ホームへ戻る > 注文住宅における動線の把握
家づくりにおいては住むだけでなく、動くことも念頭に入れておく必要があります。日常生活では家族全員が住宅内を動き回ることになります。その移動がスムーズに行えるような環境が求められるのです。
注文住宅の場合、部屋の数や広さ、設備の充実などに目が言ってしまいがちです。その結果、個々の部屋に関しては申し分ないものの、動線に問題が生じてしまう家ができてしまう可能性もあるのです。部屋から部屋へ移動する際の利便性も配慮したうえで注文住宅を建てる必要があります。
そんな住宅内の動線はおもに3種類あります。炊事や洗濯などを行う家事動線、トイレや浴室へと移動する衛生動線、それからリビングや玄関と各個室を結ぶ動線です。これらに加えて玄関から客間を結ぶ来客者用の動線も加える必要があるかも知れません。
ポイントとなるのはこれらの動線がゴチャゴチャにならないようにすることです。忙しく家事を行っているところにトイレや浴室に移動する人が入り込むような間取りだといいろと差し障りが生じますし、浴室から出た後リビングを通らなければ個室へいけないような環境も考え物です。
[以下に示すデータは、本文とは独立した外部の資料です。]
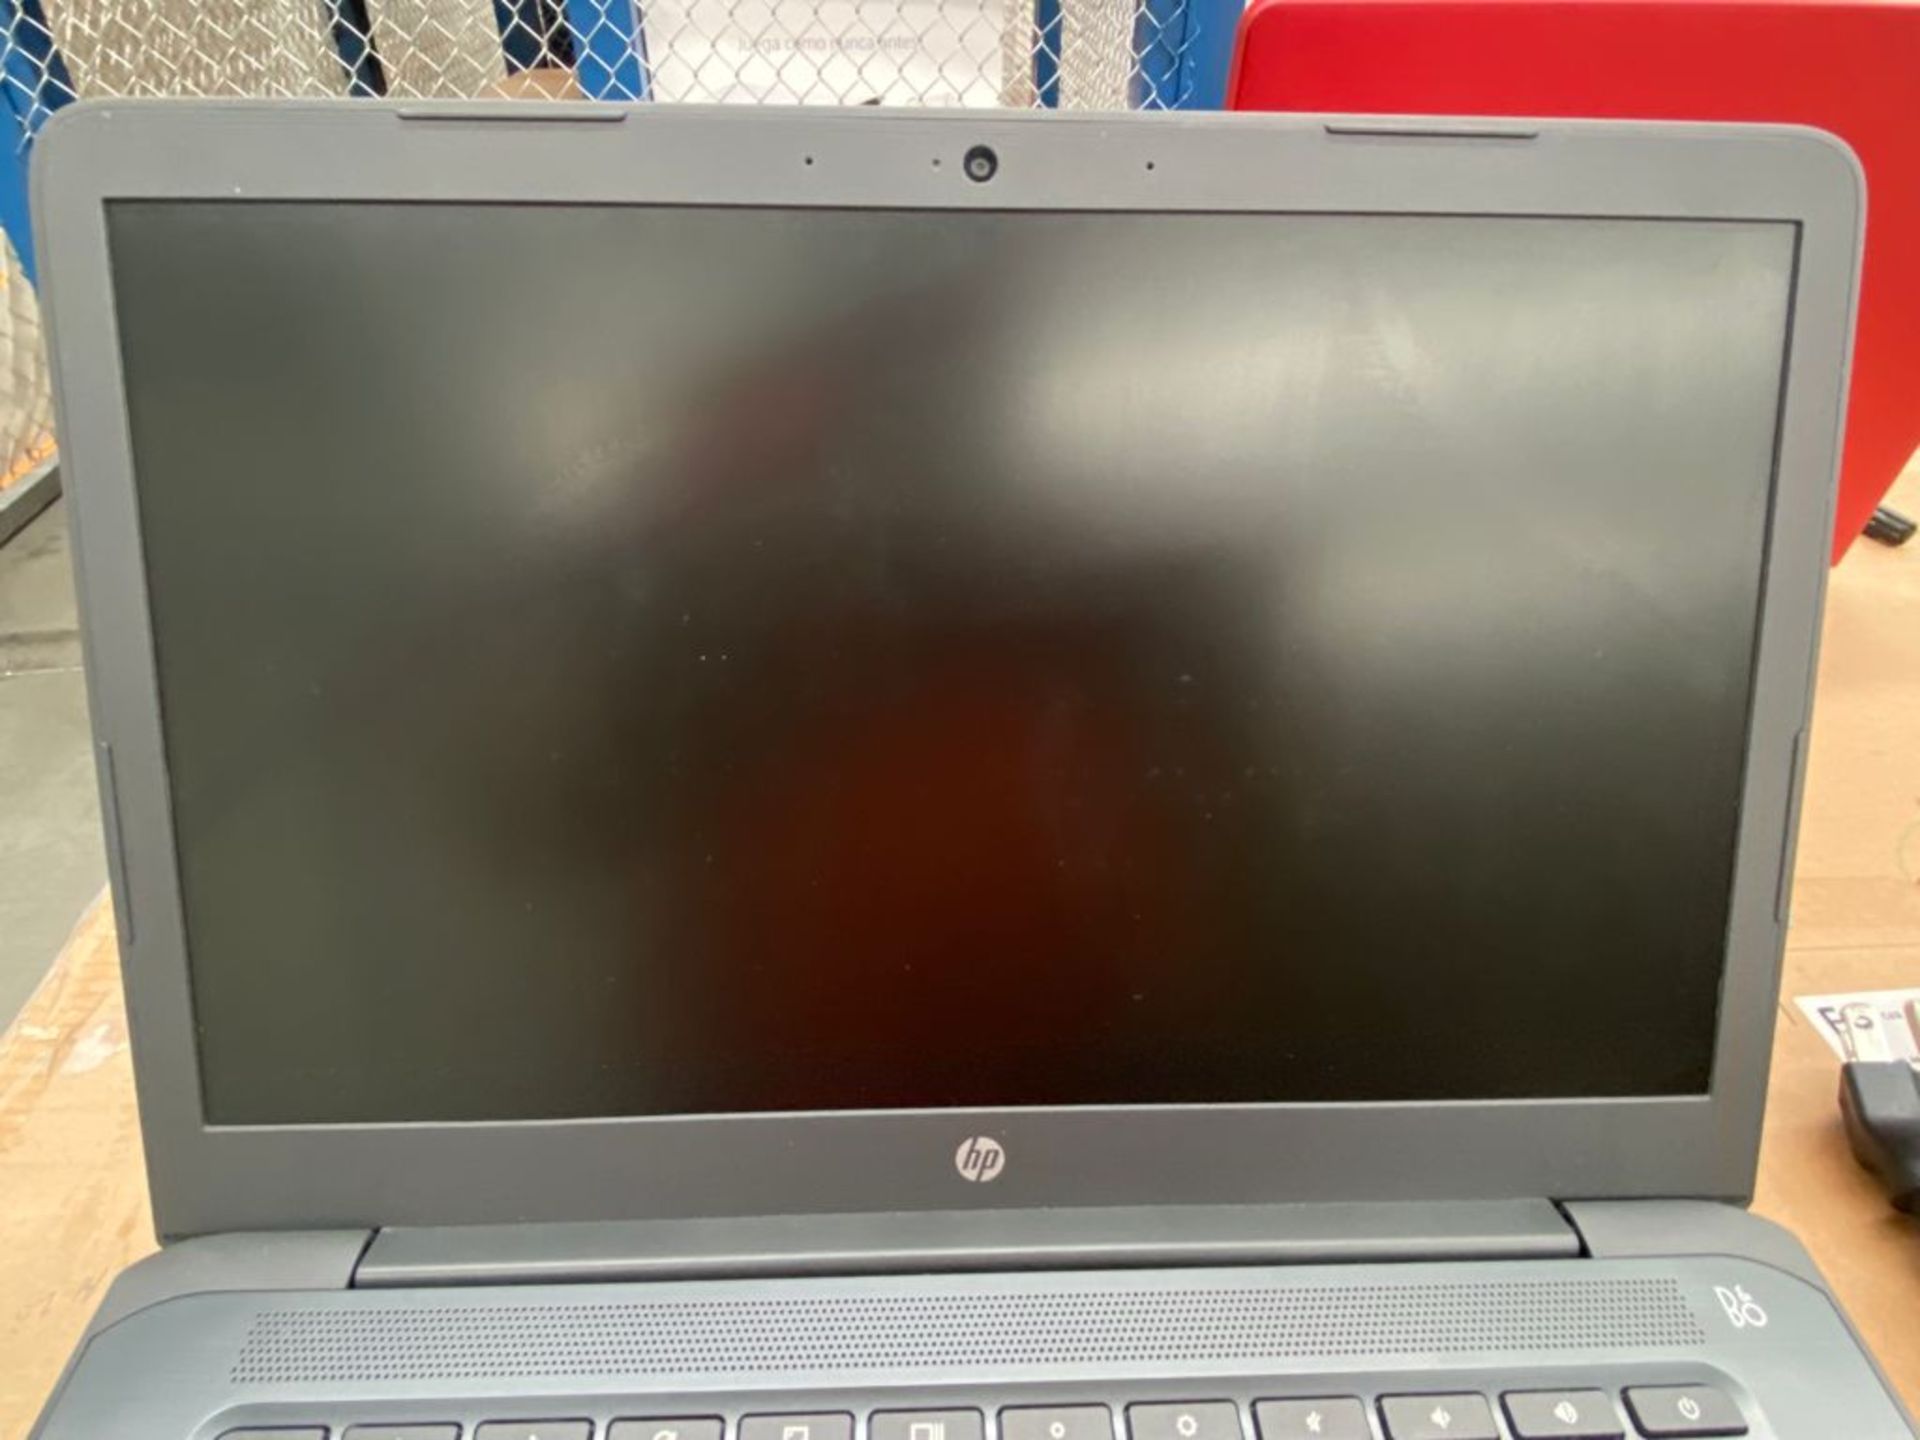 Laptop marca HP modelo Chromebook No de serie. 5CD94302R4 - Image 10 of 13

また、動線の距離にも配慮が必要でしょう。たとえば高齢者がいる場合には個室からトイレまでの距離を短くすることが求められます。それから動線の幅。具体的には廊下のスペース。朝の通勤・通学時間にはトイレや洗面所に家族が忙しく行き交うことになります。その動線部分のスペースが十分ではないと、混雑して余計な時間と手間がかかってしまうことにもなりかねません。注文住宅を建てる場合には各階における動線をよく検討したうえで全体の間取りを判断するようにしましょう。